Search code examples
pythonscikit-learnpipelinelogistic-regressiongrid-search

ValueError: Invalid parameter C for estimator SelectFromModel when using GridSearchCV


I'm using python 3.7.6, and I'm trying to tune some hyperparameters using GridSearchCV

I created a pipeline with the following steps: scaling-> feature selection -> model

But I'm getting error about the C parameter of the feature selection step.

    steps = [('scaler', StandardScaler()),
             ('FeatureSelection', SelectFromModel(LogisticRegression(penalty='l1', solver='liblinear'))),
             ('SVM', SVC())]
    pipeline = Pipeline(steps)  # define the pipeline object.

    X_train, X_test, y_train, y_test = train_test_split(X, y, test_size=0.2, random_state=30, stratify=y)

    parameteres = {'SVM__C': [0.001, 0.1, 10, 100, 10e5],
                   'SVM__gamma':[0.1,0.01],
                   'FeatureSelection__C':['0','0.5']}
    grid = GridSearchCV(pipeline, param_grid=parameteres, cv=5, n_jobs=-1)
    grid.fit(X_train, y_train)
    print("pipeline score: ", grid.score(X_test, y_test))

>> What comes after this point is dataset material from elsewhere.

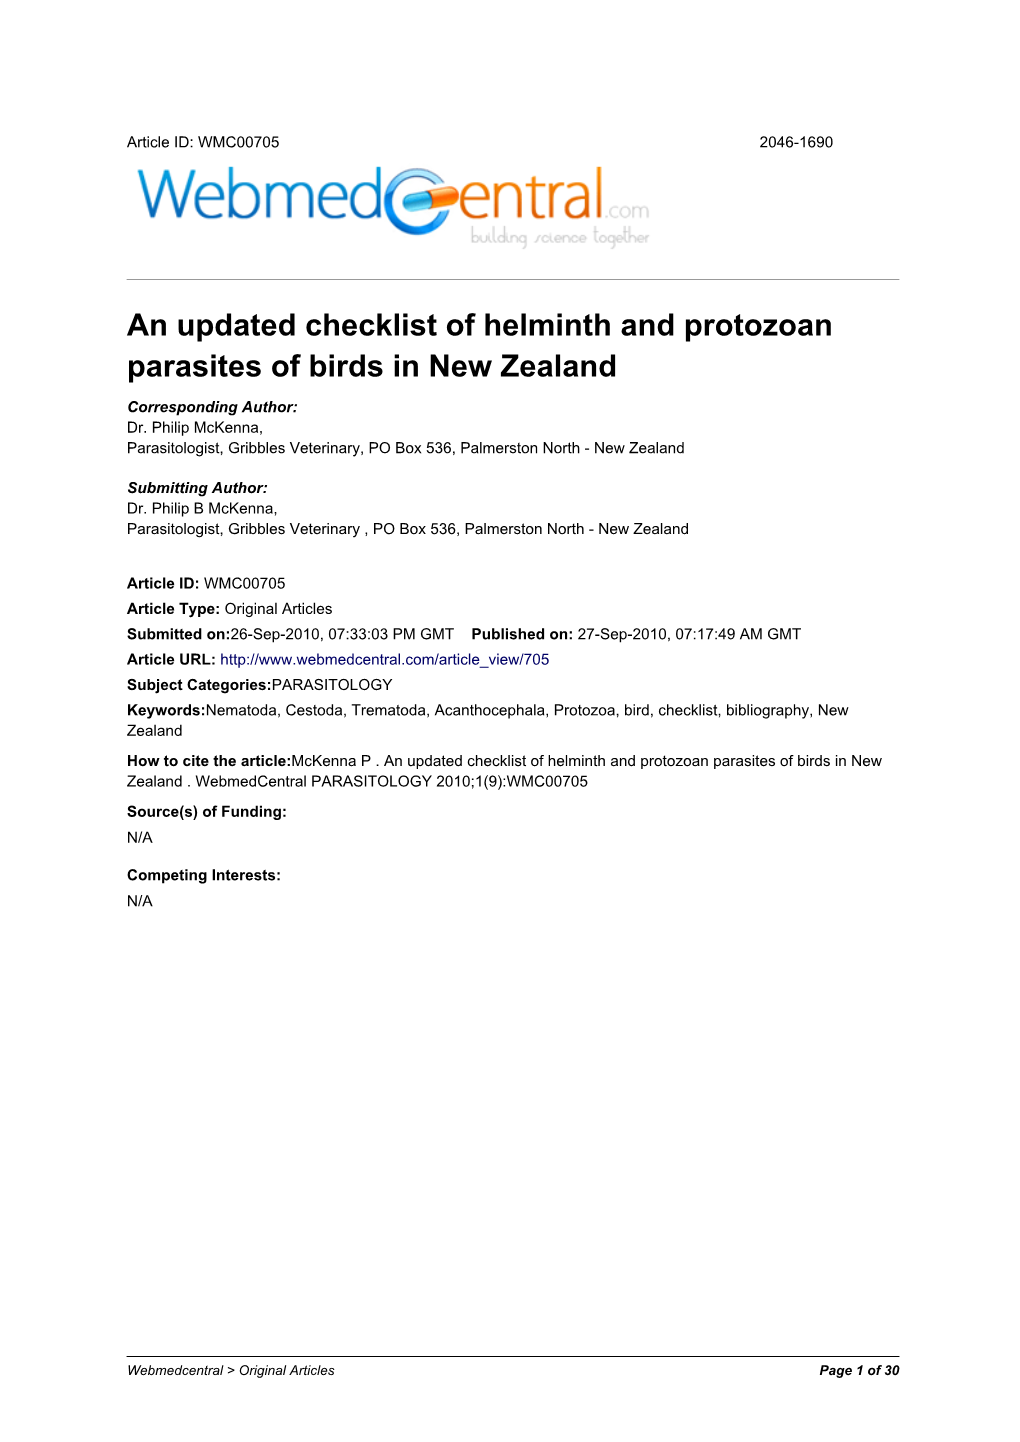 An Updated Checklist of Helminth and Protozoan Parasites of Birds in New Zealand

I'm getting the following error:

ValueError: Invalid parameter C for estimator SelectFromModel(estimator=LogisticRegression(C=1.0, class_weight=None,
                                             dual=False, fit_intercept=True,
                                             intercept_scaling=1, l1_ratio=None,
                                             max_iter=100, multi_class='auto',
                                             n_jobs=None, penalty='l1',
                                             random_state=None,
                                             solver='liblinear', tol=0.0001,
                                             verbose=0, warm_start=False),
                max_features=None, norm_order=1, prefit=False, threshold=None). Check the list of available parameters with `estimator.get_params().keys()`.

What is wrong and how can I fix it ?


Solution

  • As is, the pipeline looks for a parameter C in SelectFromModel, can't find one (unsurprisingly, since the module does not have such a parameter), and raises an error. Since you actually want the parameter C of LogisticRegression, you should go a level deeper: change FeatureSelection__C to FeatureSelection__estimator__C in your parameters grid and you will be fine.